Lately, I've really been struggling with how conditions of knowing relate to the pictures we see in our day to day world.
I am curious about why some images "stick" in our memory, while others do not. I am also fascinated by how images trigger specific emotional responses -- how they shape our cognitive, cultural, social and historical sense of place and being. How are human beings culturally and historically conditioned to interpret pictures when they often extend beyond the original occurrence? How do we understand our collective past when so many images become embedded in our visual and emotional memory?
The redactive and over-simplifying nature of the visual appears to be an intuitive process.
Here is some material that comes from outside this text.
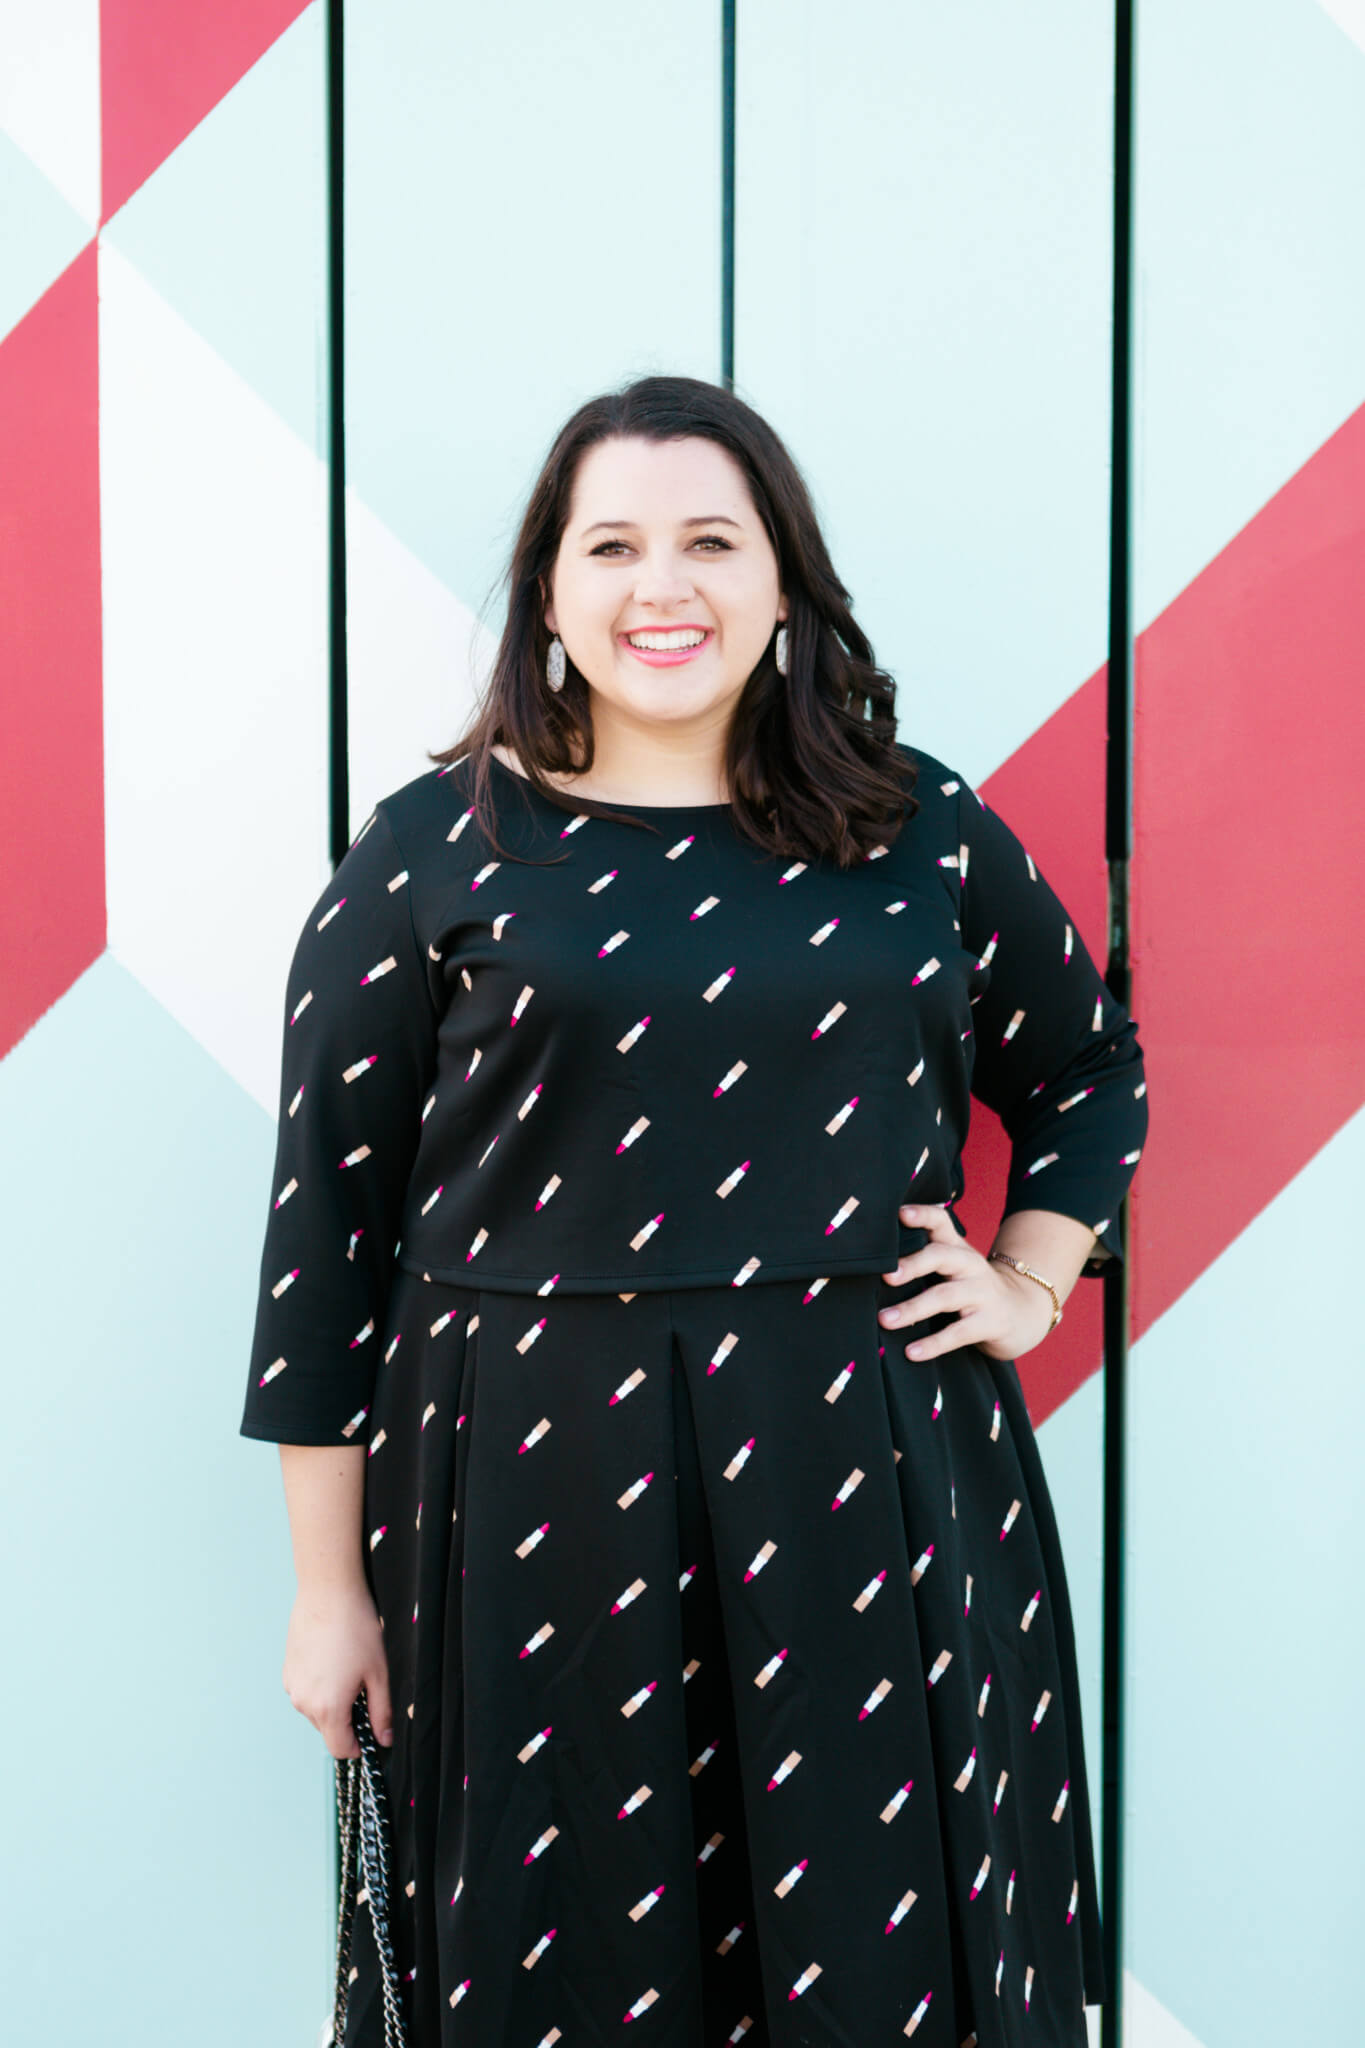 Emily Bastedo, the blogger behind curvy style blog, Something Gold, Something Blue shares this girly lipstick print matching set from the Ashley Nell Tipton collection for Boutique+ at JCPenney. She has styled this all black outfit with dainty silver accesorries.
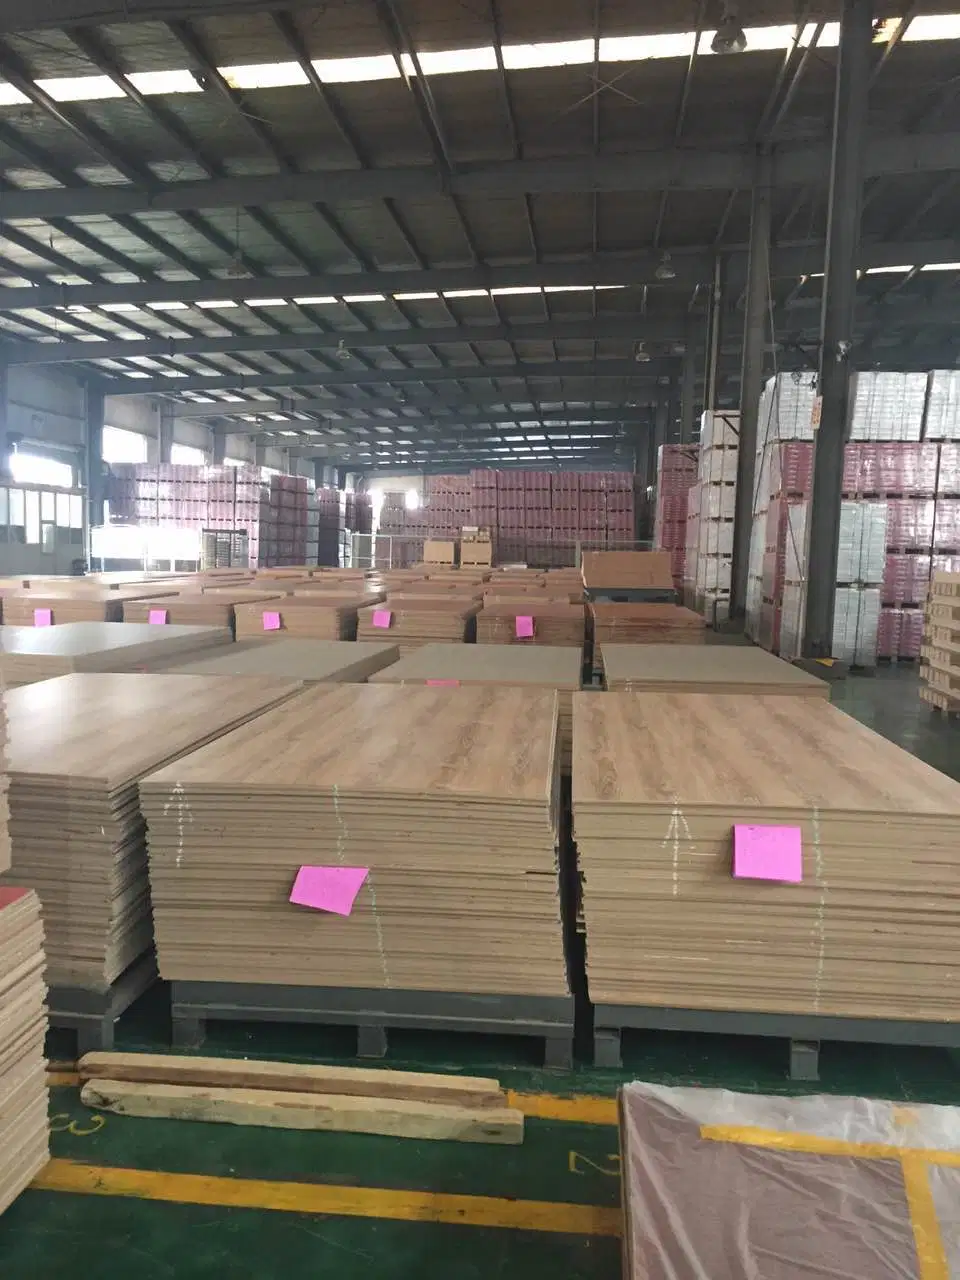 China Factory Manufacturer HDF MDF High Quality AC3 AC4 7mm 8mm 12mm Waterproof Wood Laminate Floor Wooden Laminated Flooring Oak Parquet Plank Floating Tile

The visual memory that we appropriate of our experiences on earth is a mix of cognitive and socio-cultural interactions.
When Frederick Franck went off into the jungles of Africa to work with Albert Schweitzer in the 1950s, he was hoping that the camera he had brought with him would faithfully record and document his experiences. He was hoping that the memories of his time in Africa would never fade, and that he could someday share those memories with others. However, Franck soon abandoned his "memory box" and picked up a sketch pad and pencil instead. Why? What pushed Franck away from making photographs, an art form reputed to be our mirror of reality?
What Franck perceived, even 60 years ago, was the encroaching tide of the visual in society. In a visual environment such as the one we live with today, Franck predicted a world that would overload "our switchboards with noise." The "switchboard" Franck is referring constitutes our capacity for memory and emotions. "We do a lot of looking: we look through lenses, telescopes, television tubes .... Our looking is perfected every day -- but we see less and less."
Today, we are constantly in a mental state of distraction as we bounce from one visual medium to another. The switchboard is on overload with no operators on duty. W.J.T. Mitchell, in his book Picture Theory, wrestled with this issue in writing about "narrative, memory, and slavery." Memory for Mitchell, within a contemporary context, views the process as "an aspect of private consciousness." Pictures as visual narratives possess a sense of temporal sequencing that are stored in the brain and recalled with necessary. The visual snapshots we carry around in our heads (memories), are emotionally biased, because we are conditioned by our experiences.
This brings us to a blog launched last June by Robert Hariman and John Lucaites called NO CAPTION NEEDED.
Hariman and Luciates offer analysis of images as they enter the switchboard of public consciousness. The authors are regarded highly in the field of visual rhetoric and the blog serves as a tool for many of their ideas and thoughts.